▶ What is being asked
Please, without any pictures, transcribe the lines from the one holding "Βασικές σκέψεις για" to the end of the listing, both ends included.

▶ Data provided
+--

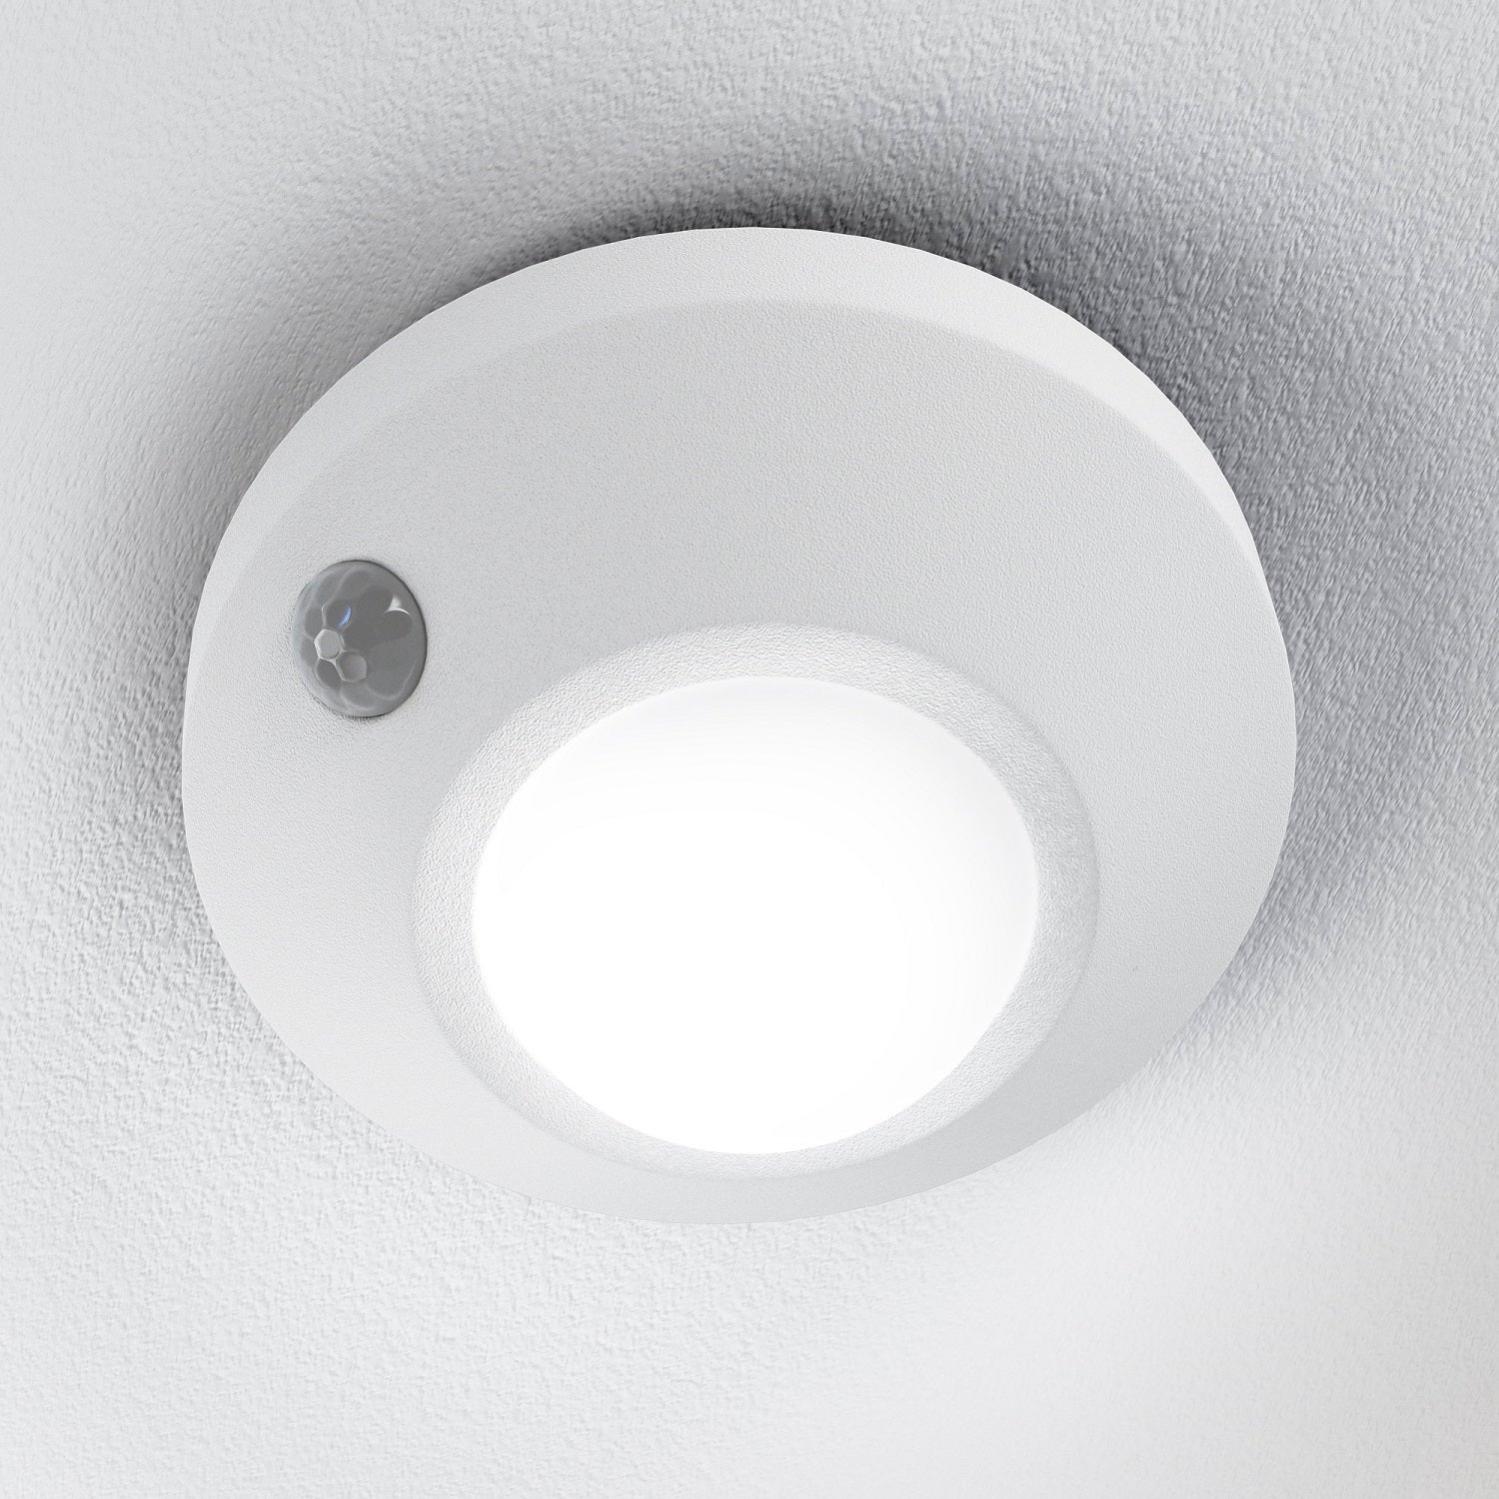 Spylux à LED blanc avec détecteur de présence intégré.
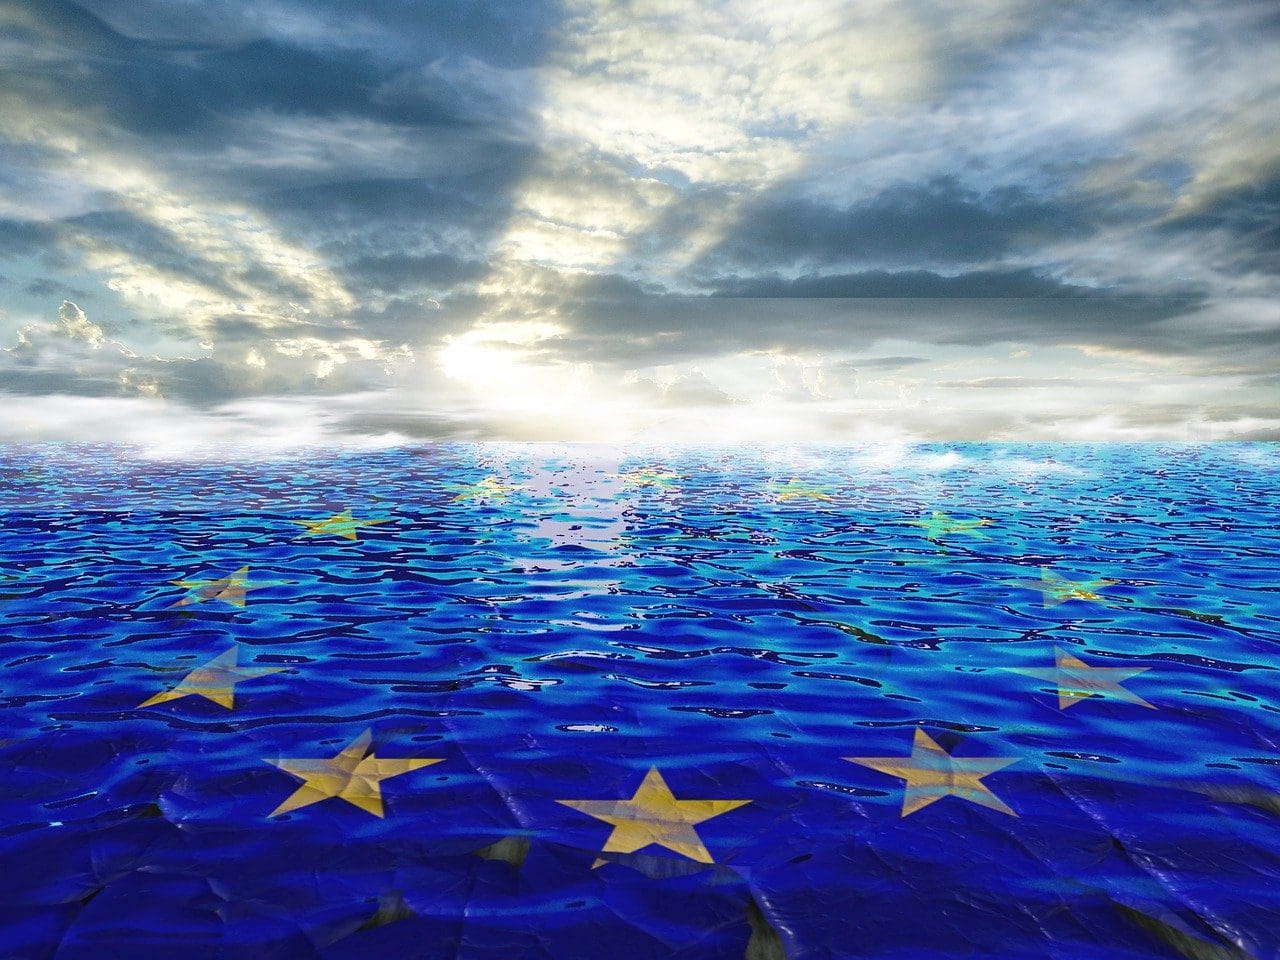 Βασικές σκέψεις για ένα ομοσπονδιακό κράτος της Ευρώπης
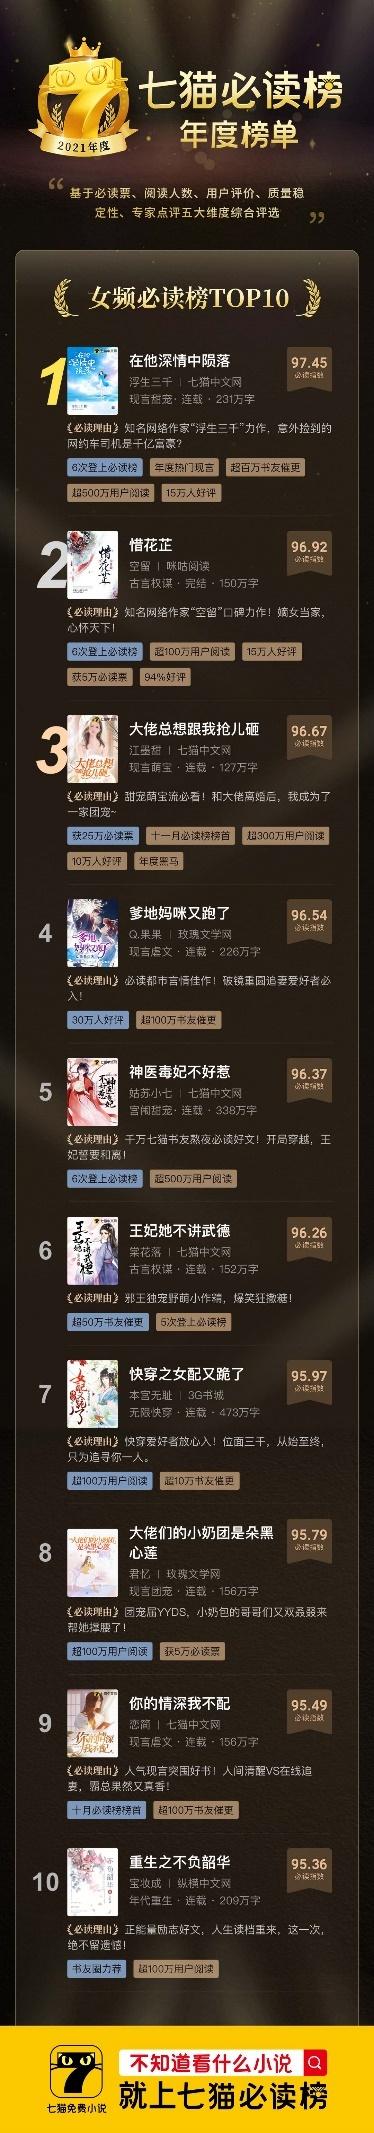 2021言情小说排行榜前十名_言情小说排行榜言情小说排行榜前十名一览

+--

▶ Task response
 Βασικές σκέψεις για ένα ομοσπονδιακό κράτος της Ευρώπης
 2021言情小说排行榜前十名_言情小说排行榜言情小说排行榜前十名一览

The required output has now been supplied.